Items from a data source:
======
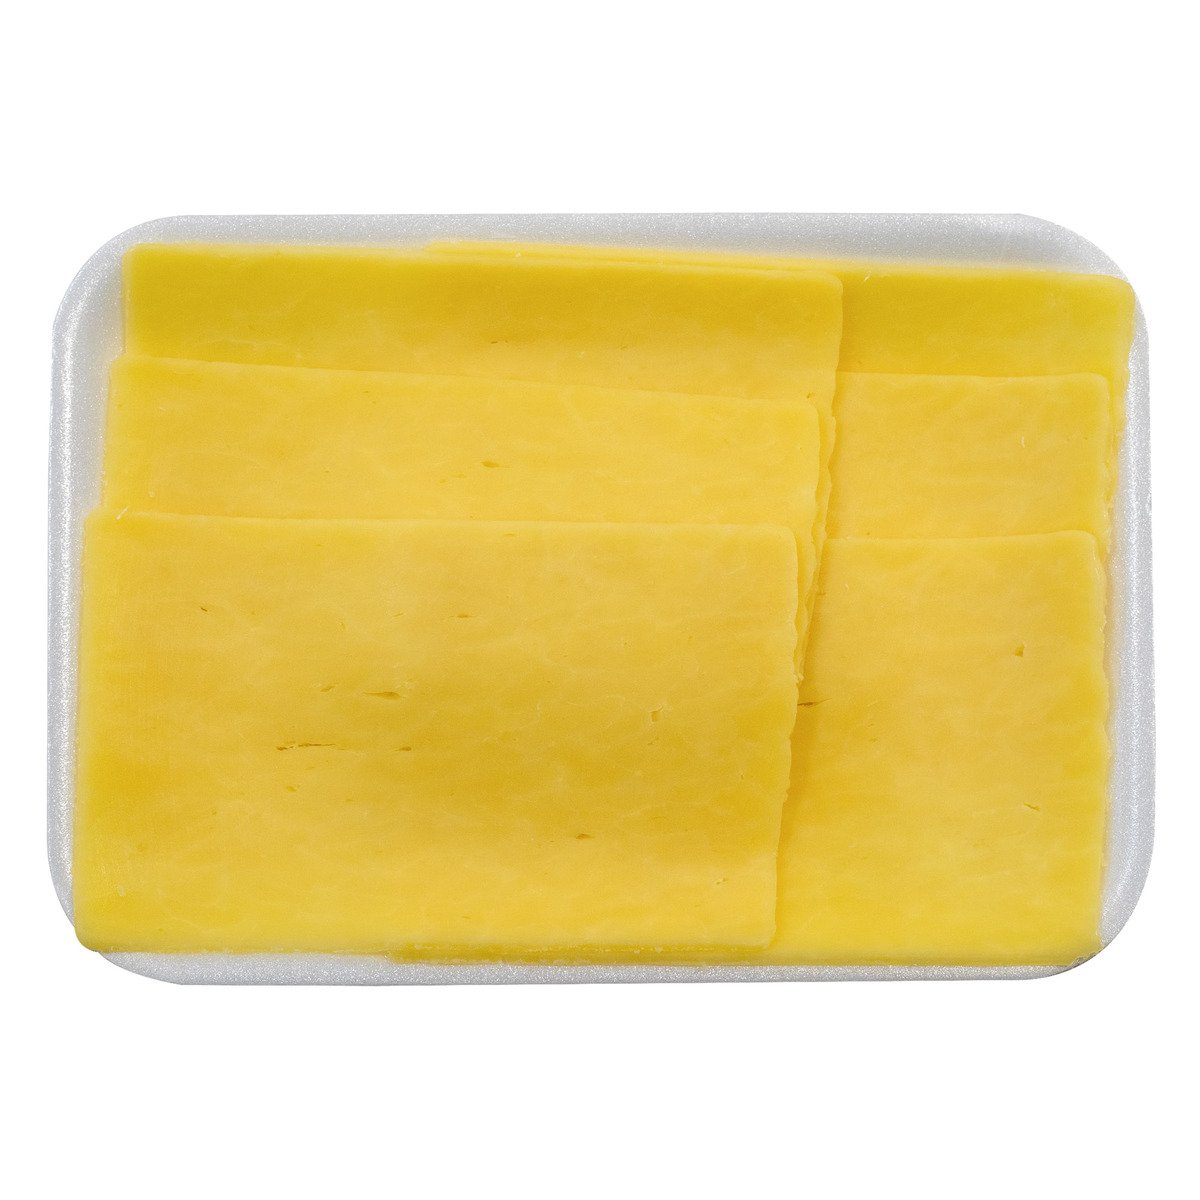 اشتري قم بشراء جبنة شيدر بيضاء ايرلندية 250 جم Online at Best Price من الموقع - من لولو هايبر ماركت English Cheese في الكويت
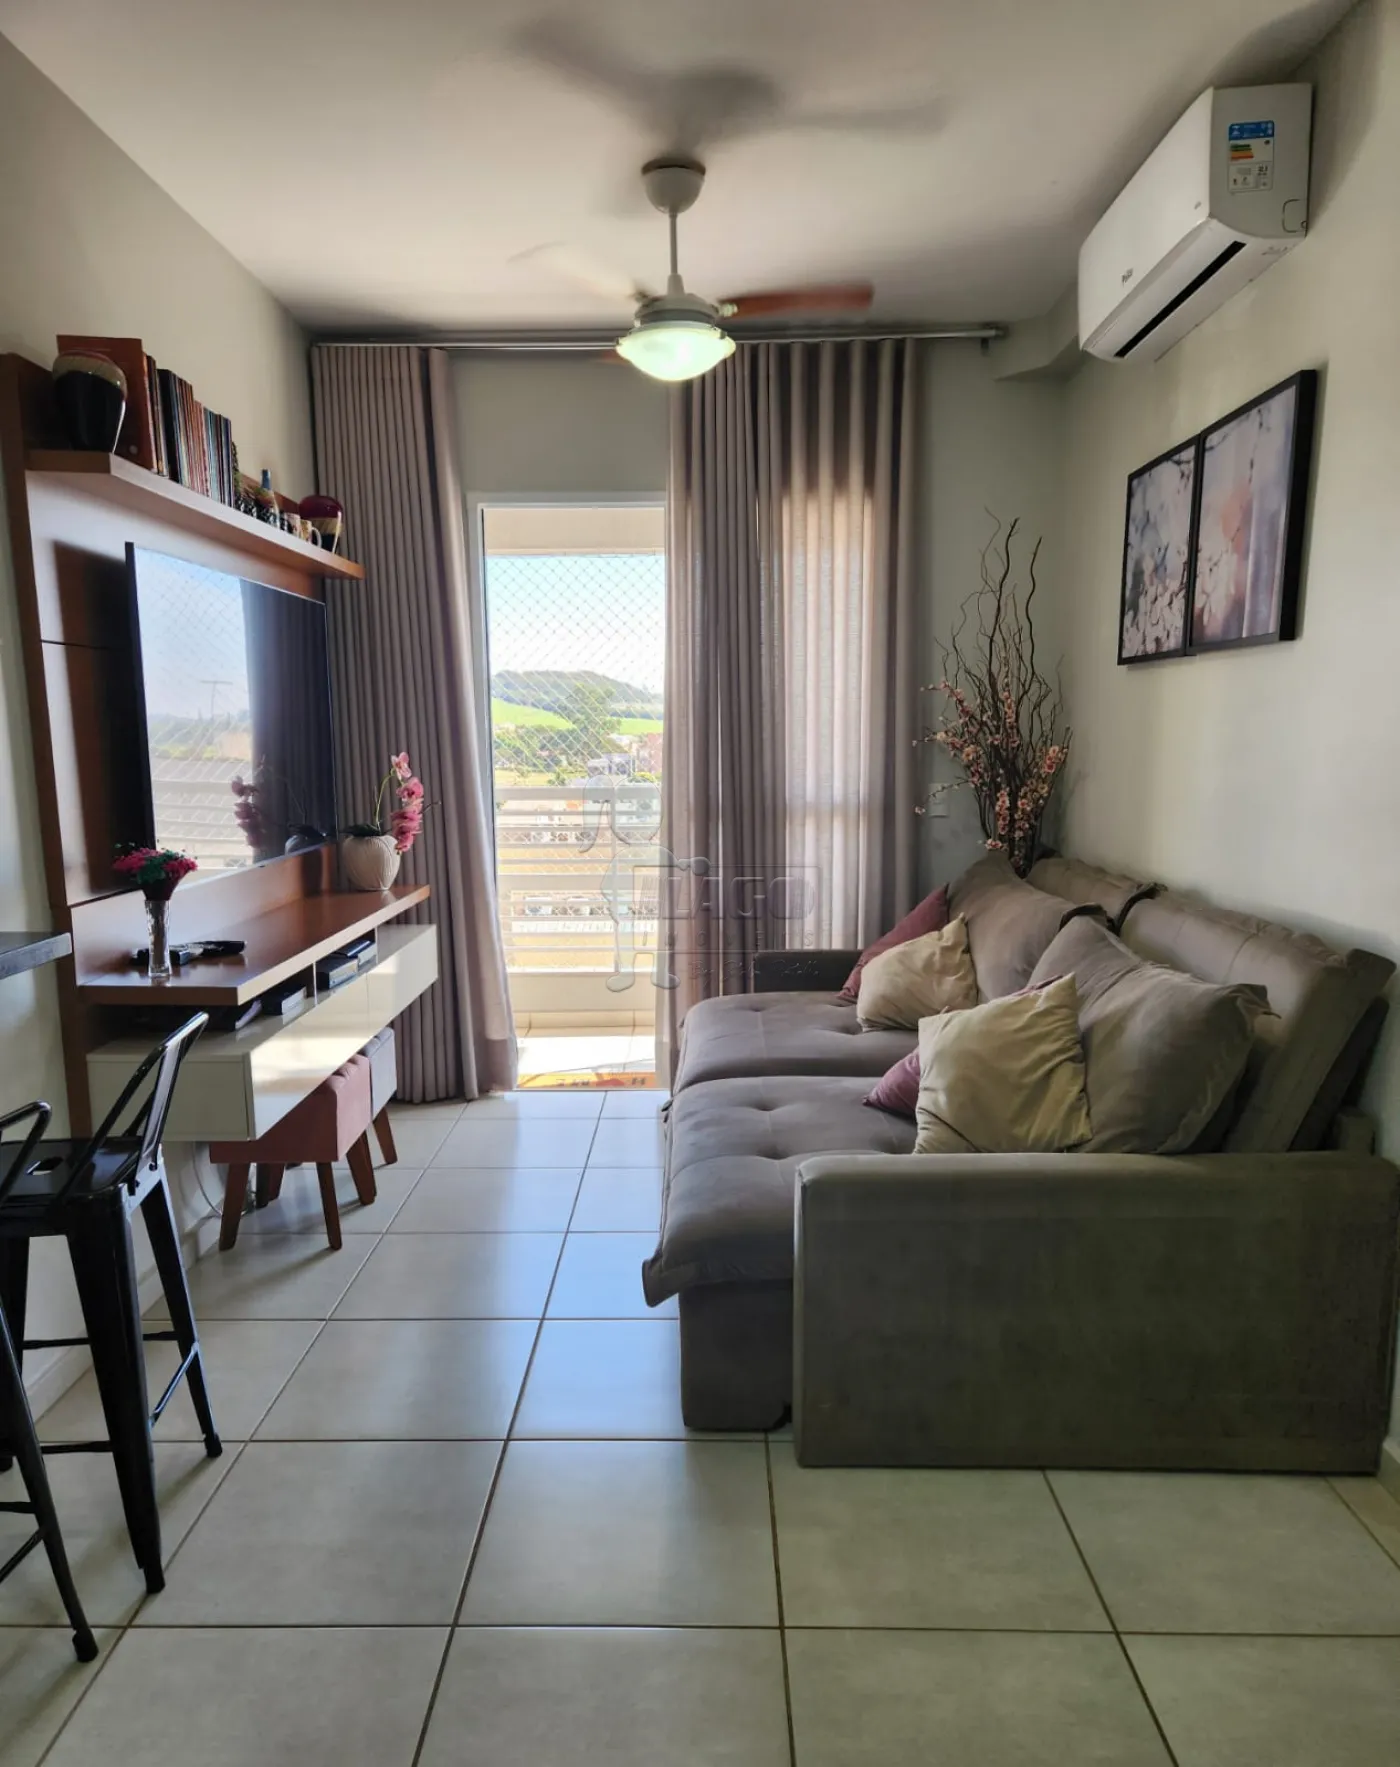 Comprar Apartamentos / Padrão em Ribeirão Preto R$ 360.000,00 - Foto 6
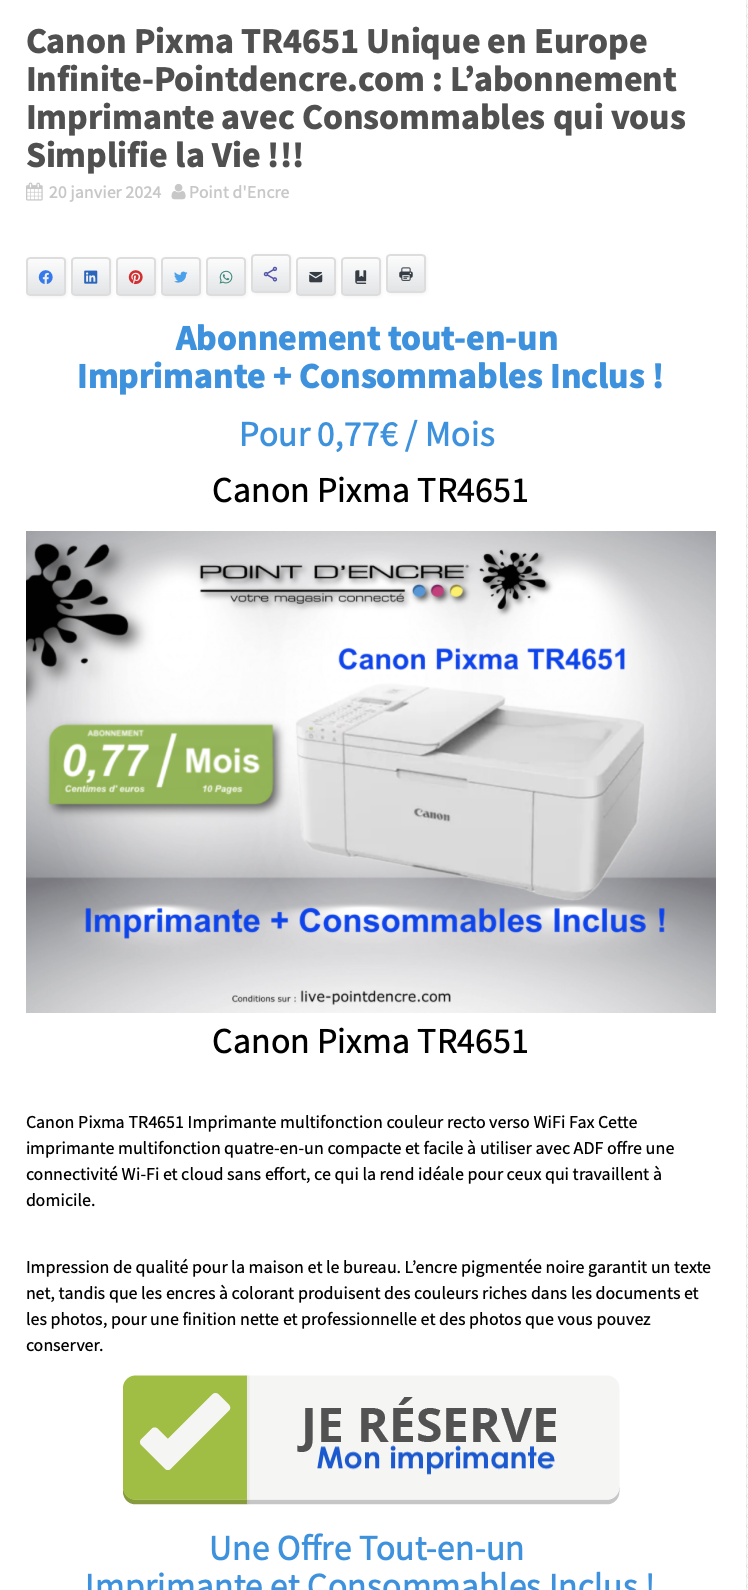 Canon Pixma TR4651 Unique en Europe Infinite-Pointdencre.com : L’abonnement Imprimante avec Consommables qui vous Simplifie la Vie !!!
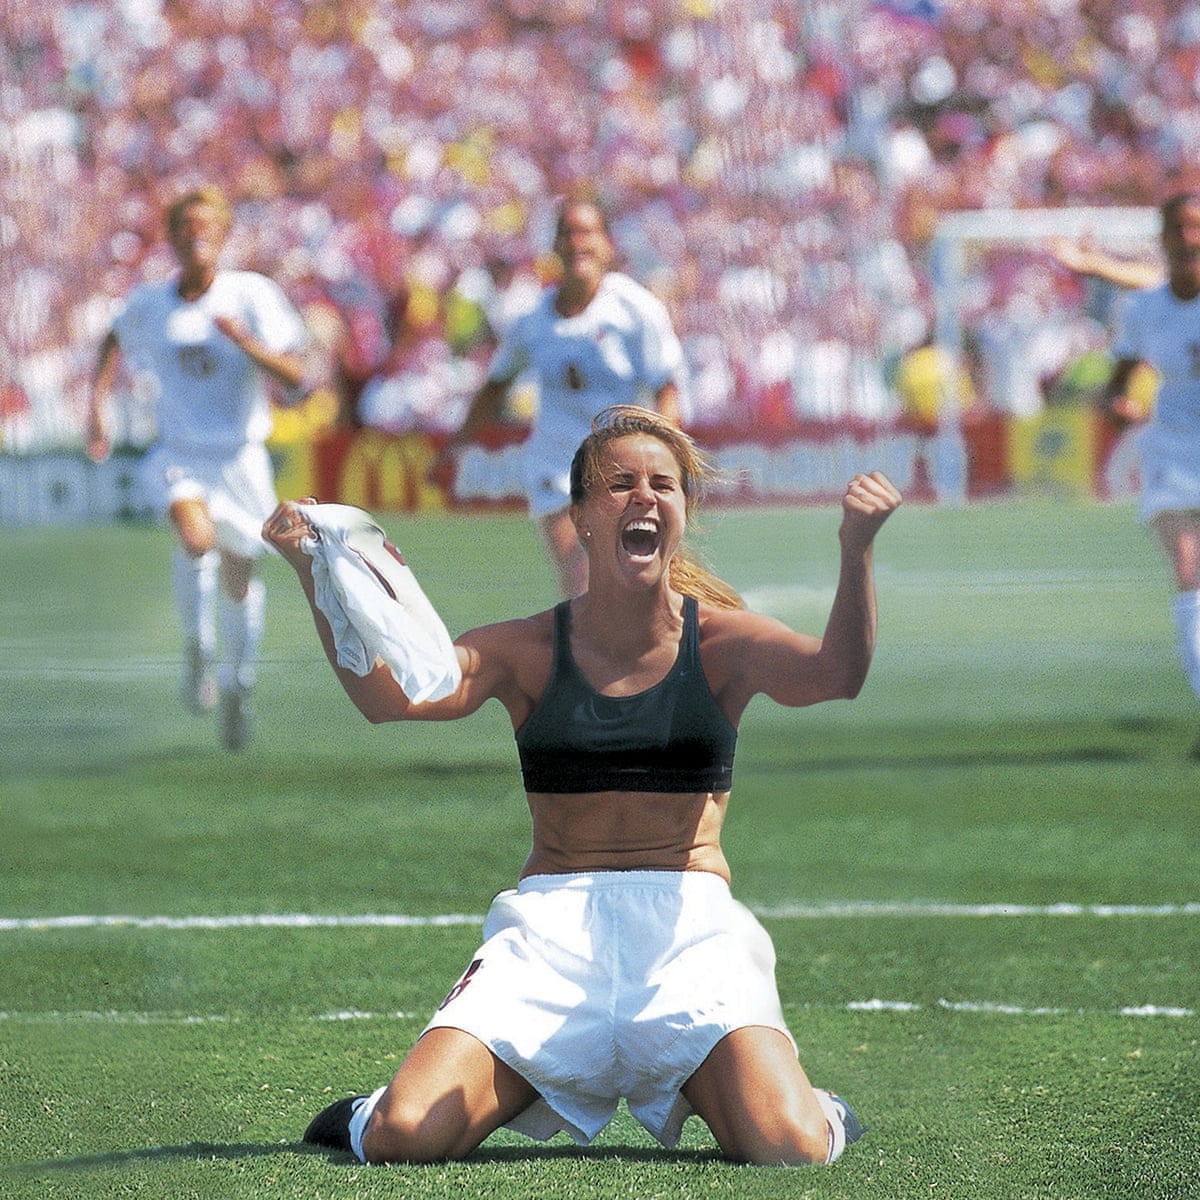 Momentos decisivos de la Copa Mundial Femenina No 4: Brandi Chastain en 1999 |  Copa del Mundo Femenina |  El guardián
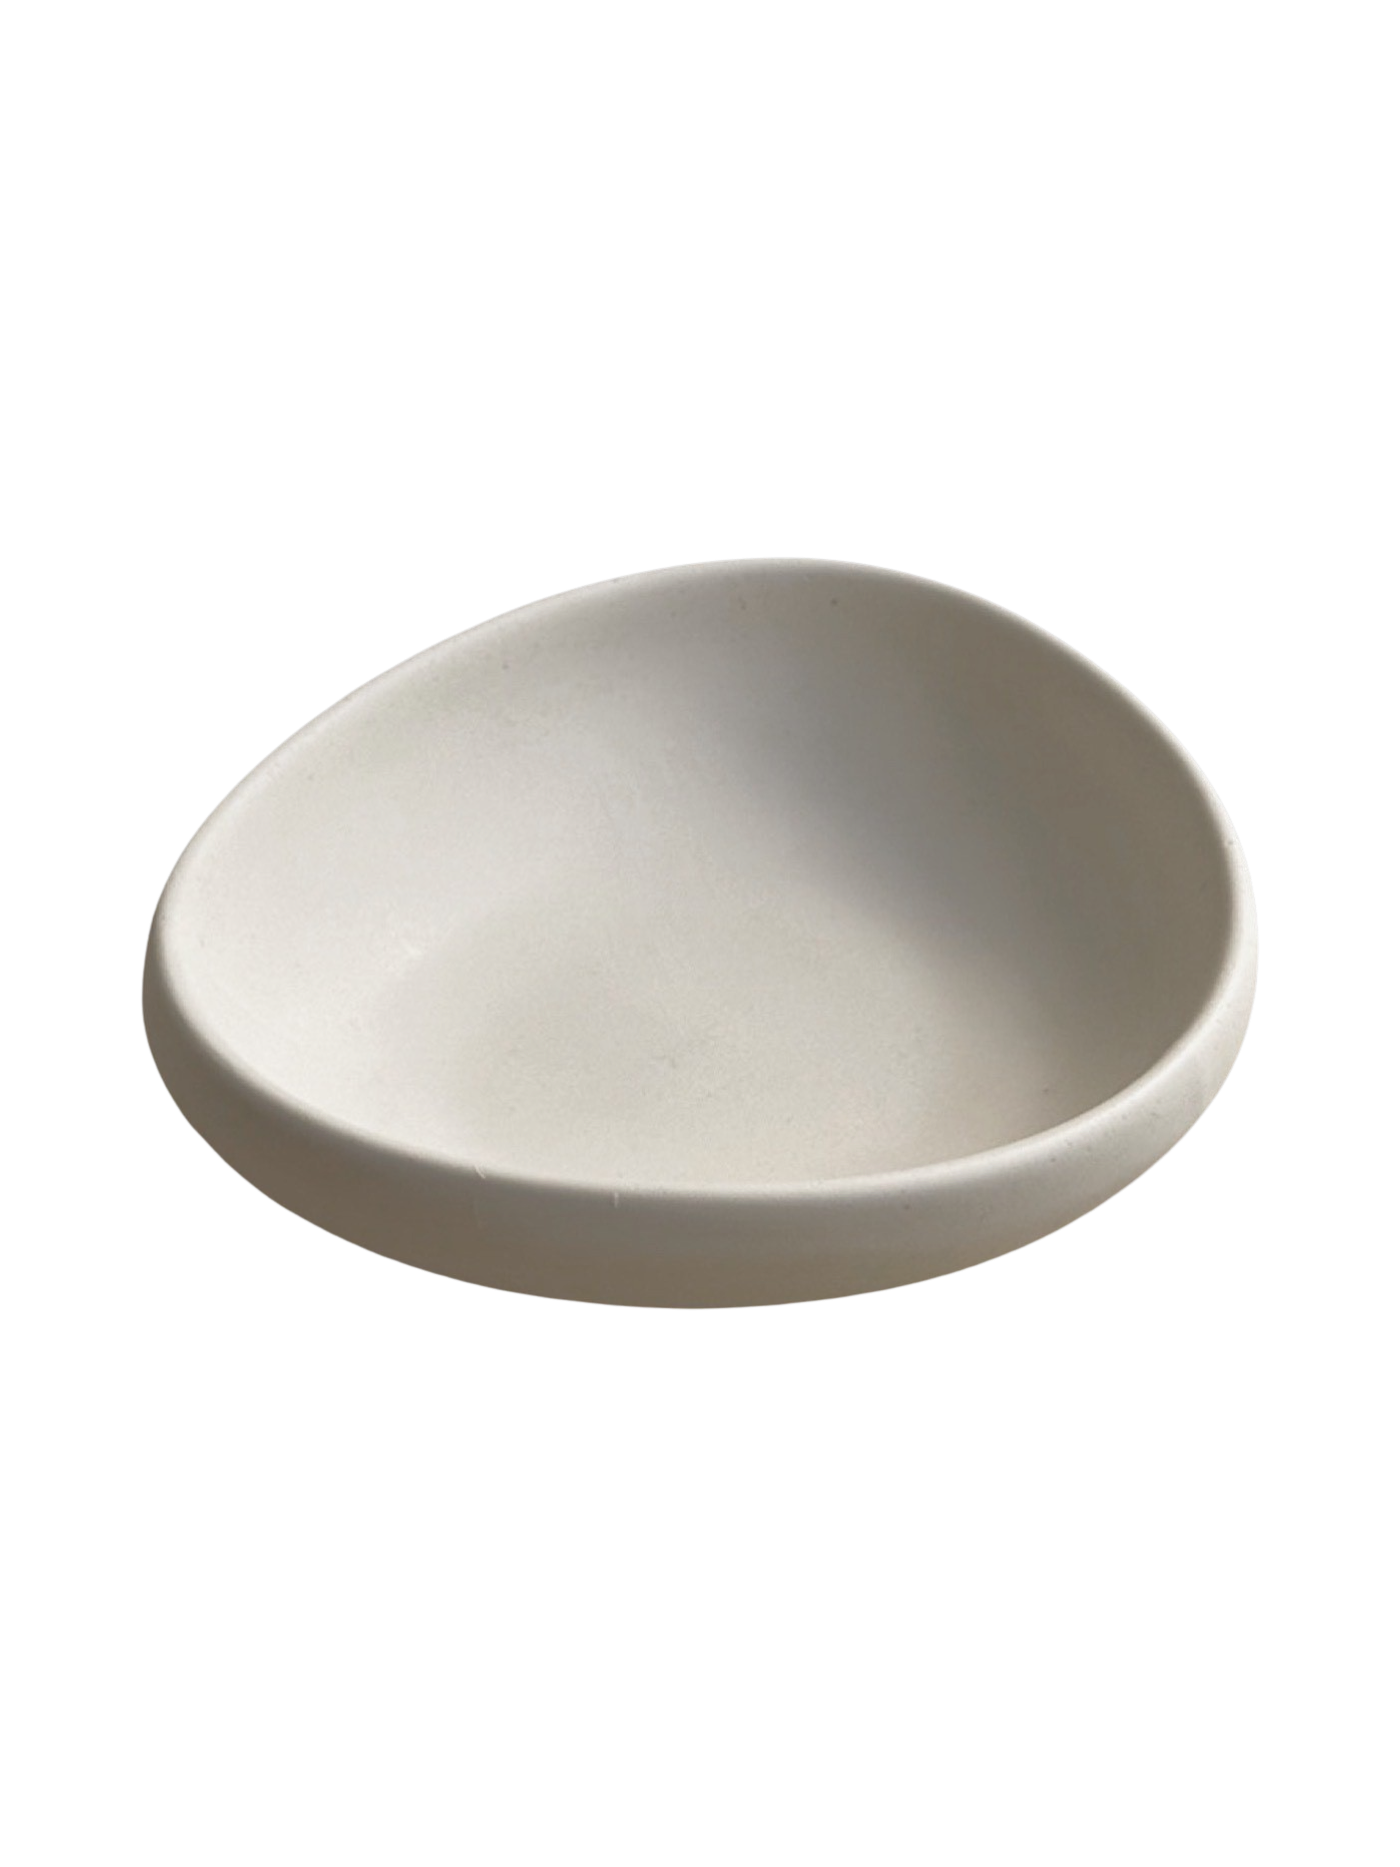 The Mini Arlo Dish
======
# Task directions
Only the lines from the beginning of the records through the line bearing "Comprar Apartamentos /" belong in the answer, copied word for word with pictures left out.

# Reply to the exercise
 اشتري قم بشراء جبنة شيدر بيضاء ايرلندية 250 جم Online at Best Price من الموقع - من لولو هايبر ماركت English Cheese في الكويت
 Comprar Apartamentos / Padrão em Ribeirão Preto R$ 360.000,00 - Foto 6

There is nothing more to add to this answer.